_YOUR ASSIGNMENT_
Retype all of the listing exactly, passing over any picture you find.

_COLLECTED DATA_
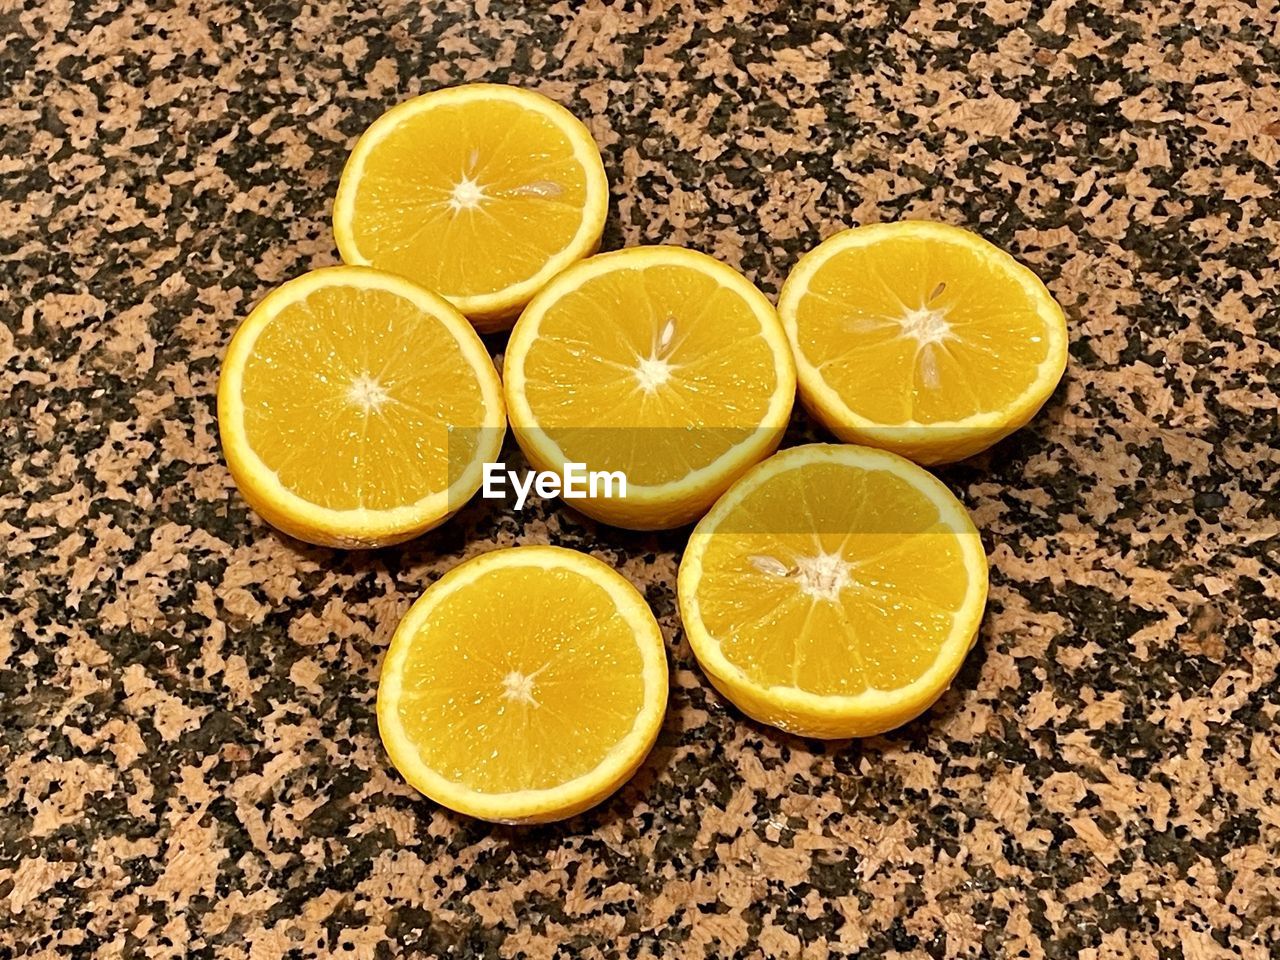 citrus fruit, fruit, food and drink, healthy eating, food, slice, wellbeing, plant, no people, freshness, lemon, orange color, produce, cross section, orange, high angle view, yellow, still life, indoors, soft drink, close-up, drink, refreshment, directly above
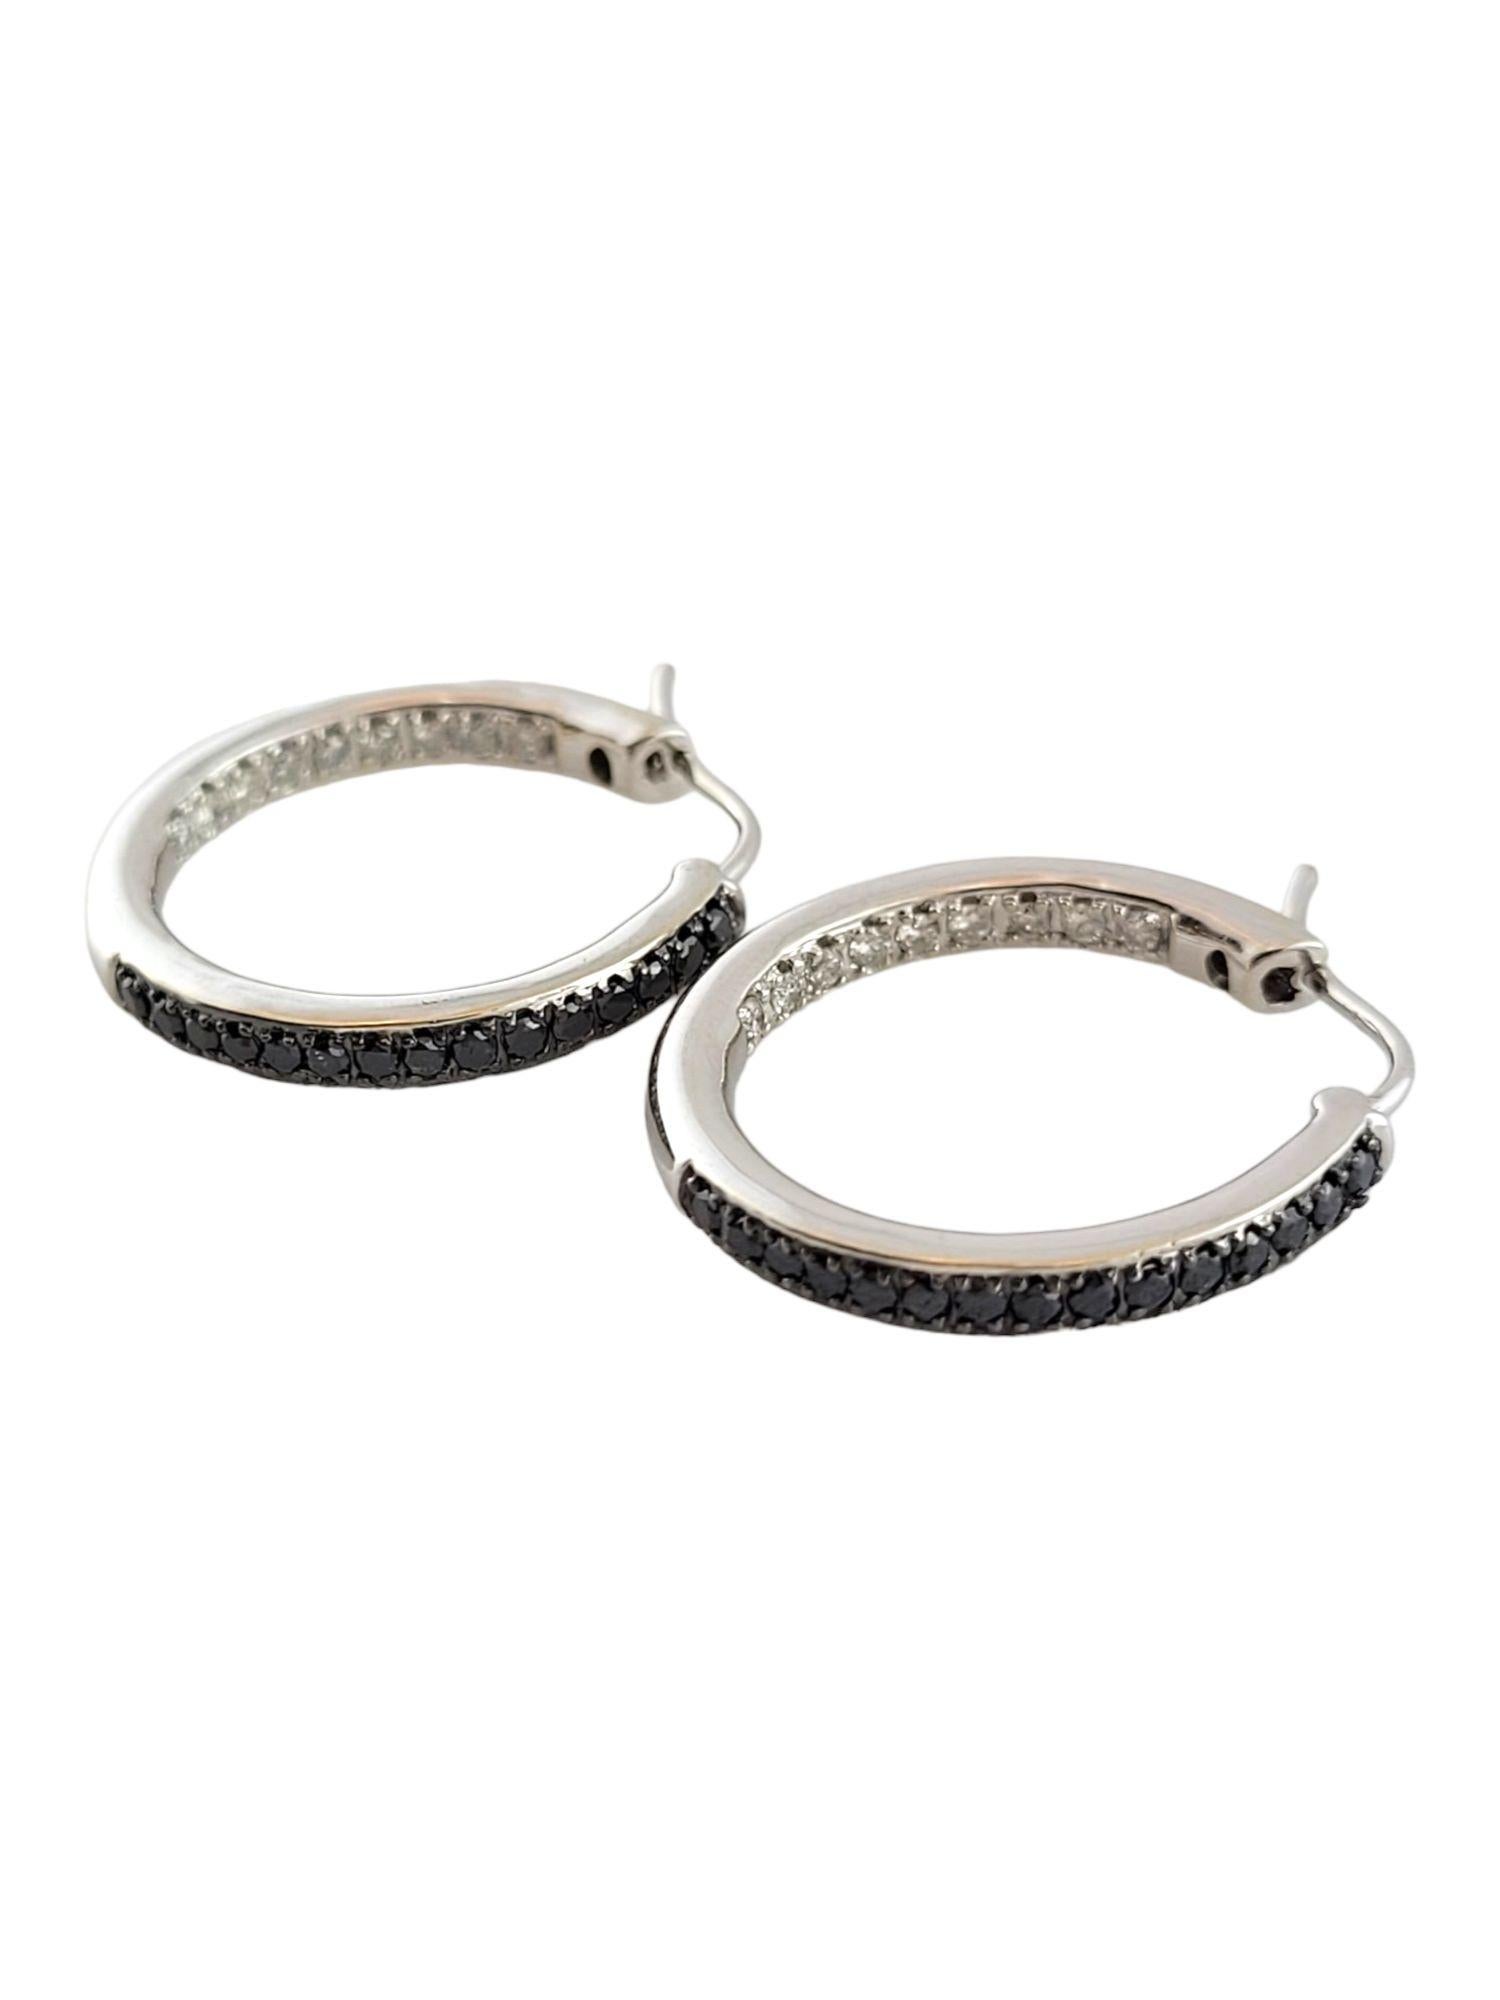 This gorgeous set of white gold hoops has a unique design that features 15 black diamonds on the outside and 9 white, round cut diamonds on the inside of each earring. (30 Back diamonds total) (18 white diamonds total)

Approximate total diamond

_RESULT OF THIS TASK_
 citrus fruit, fruit, food and drink, healthy eating, food, slice, wellbeing, plant, no people, freshness, lemon, orange color, produce, cross section, orange, high angle view, yellow, still life, indoors, soft drink, close-up, drink, refreshment, directly above
 This gorgeous set of white gold hoops has a unique design that features 15 black diamonds on the outside and 9 white, round cut diamonds on the inside of each earring. (30 Back diamonds total) (18 white diamonds total)

Approximate total diamond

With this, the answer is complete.